Both countries also didn’t join in when global leaders gathered virtually last month at the behest of the World Health Organization to commit coordinate research and development for vaccines, tests and coronavirus cures in an internationally equitable way. The absence of the two pharma powerhouses disappointed European leaders, who are pushing for a cooperative approach. French President Emmanuel Macron said he hoped they could “reconcile this initiative with China and the U.S.” 
 
Trump has also dealt a blow to the WHO by recently pausing America’s substantial funding for it and his administration has accused the UN body of a few things: of being too close to China; being complicit in a Chinese cover-up of the initial information on the virus, and in so doing, delaying the world’s ability to respond; and it’s of making the wrong call on travel bans. The WHO’s supporters say Trump is trying to deflect attention from his own downplaying of the crisis early on.
 
The fear is the race between the US and China to develop and distribute the vaccine to evolve into a global contest which will drag out the health crisis by letting the virus spread for longer than it otherwise might if poorer countries, who are least equipped to fight it are left behind.
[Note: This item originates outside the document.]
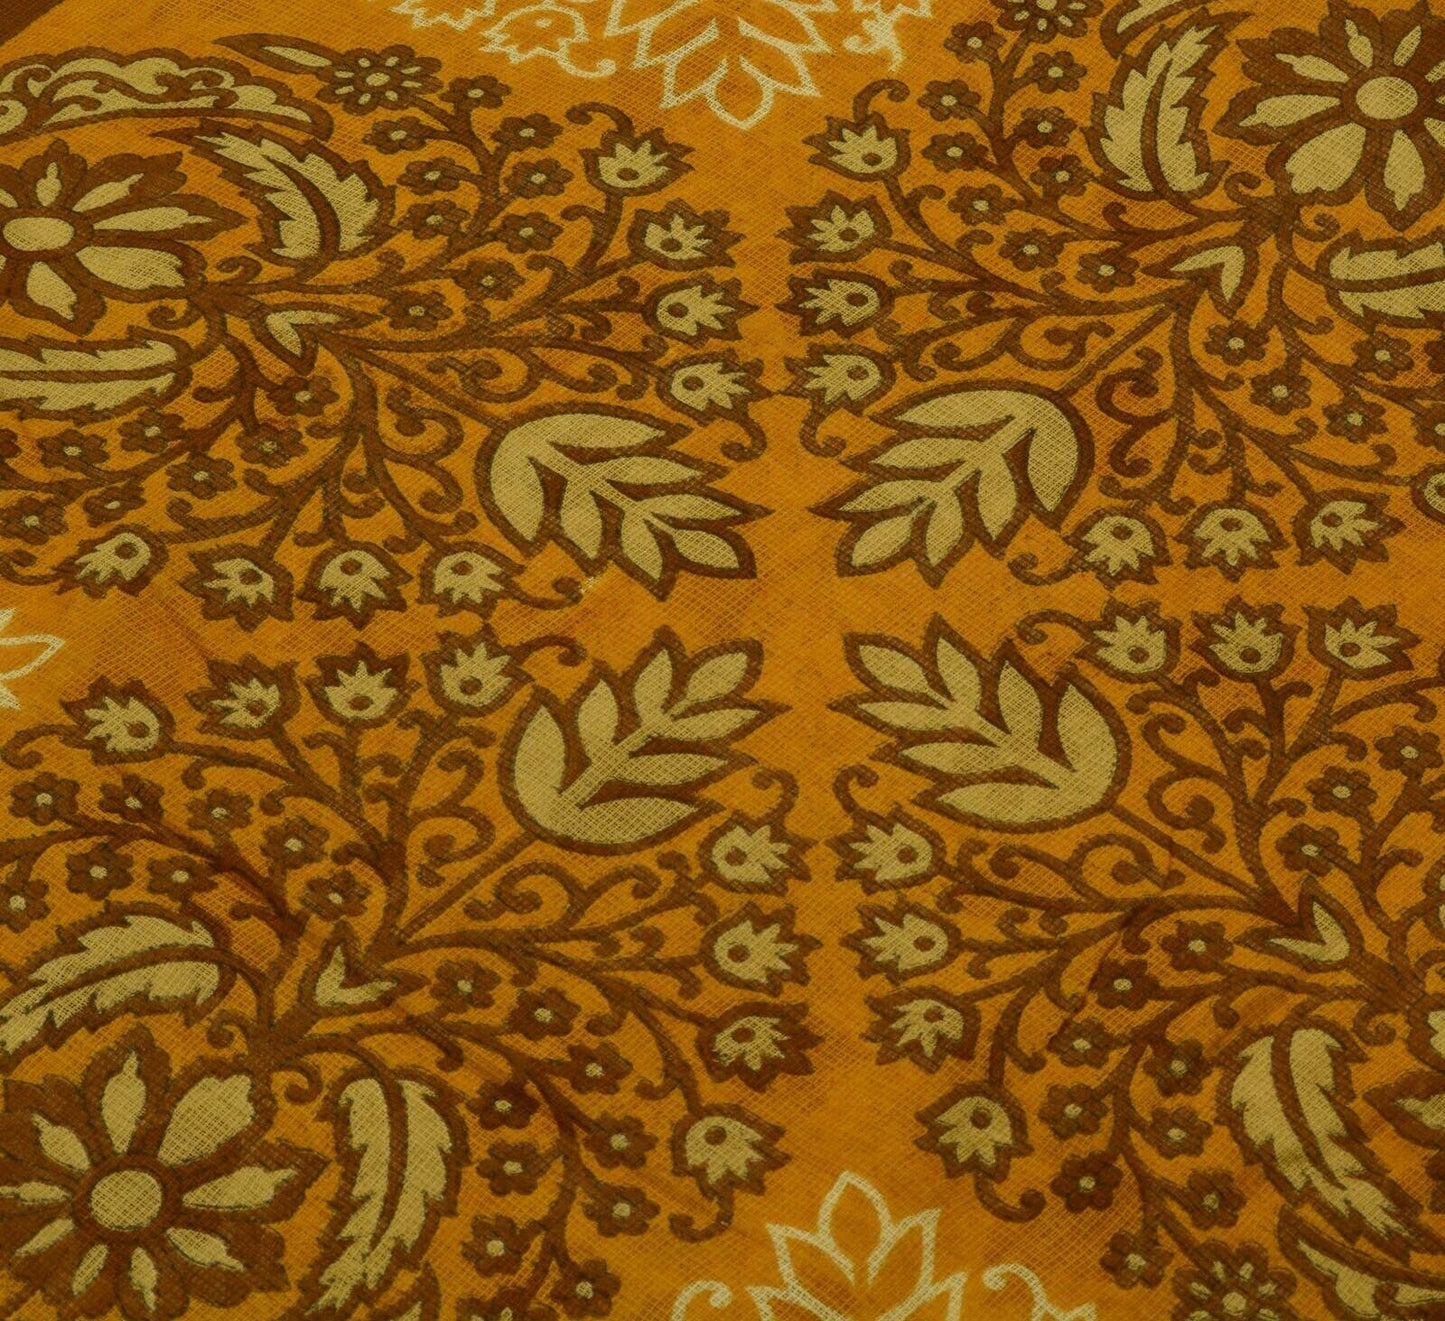 Vintage Saree 100% Pure Cotton Super Net Cream Printed Scrap Sari For Craft

Another risk is that if one country develops a vaccine first, it could find ways to limit access to their adversaries.  
 
However, the problem spreads beyond the America-first/China-first vaccine war. Nationalism thrives in times of crisis and many of countries have imposed travel restrictions, unilaterally shut borders and hoarded critical medical gear and disrupted food supply chains.  Global health leaders are demanding a strengthening of international cooperation and multilateral institutions to try and to avoid a repeat of such insular attitude and nationalist tactics when it comes to vaccines and other types of medicines that could combat Covid-19. They warn that leaving the virus to fester in one country could mean it will reemerge elsewhere.  “The worst situation would be, if when these tools are available, they go to the highest bidder — that would be terrible for the world,” said Melinda Gates, who, along with her tech entrepreneur husband, Bill, leads a powerful foundation that has devoted billions to health research. “Covid-19 anywhere is Covid-19 everywhere. And that’s why it’s got to take global cooperation.”
 
But as the global health infrastructure isn’t entirely the control of any one government, it could be difficult to ensure global cooperation. And even though the WHO has announced a global initiative for the equitable distribution of vaccines and other medicines, few believe it will hold any weight—even if all countries had signed on.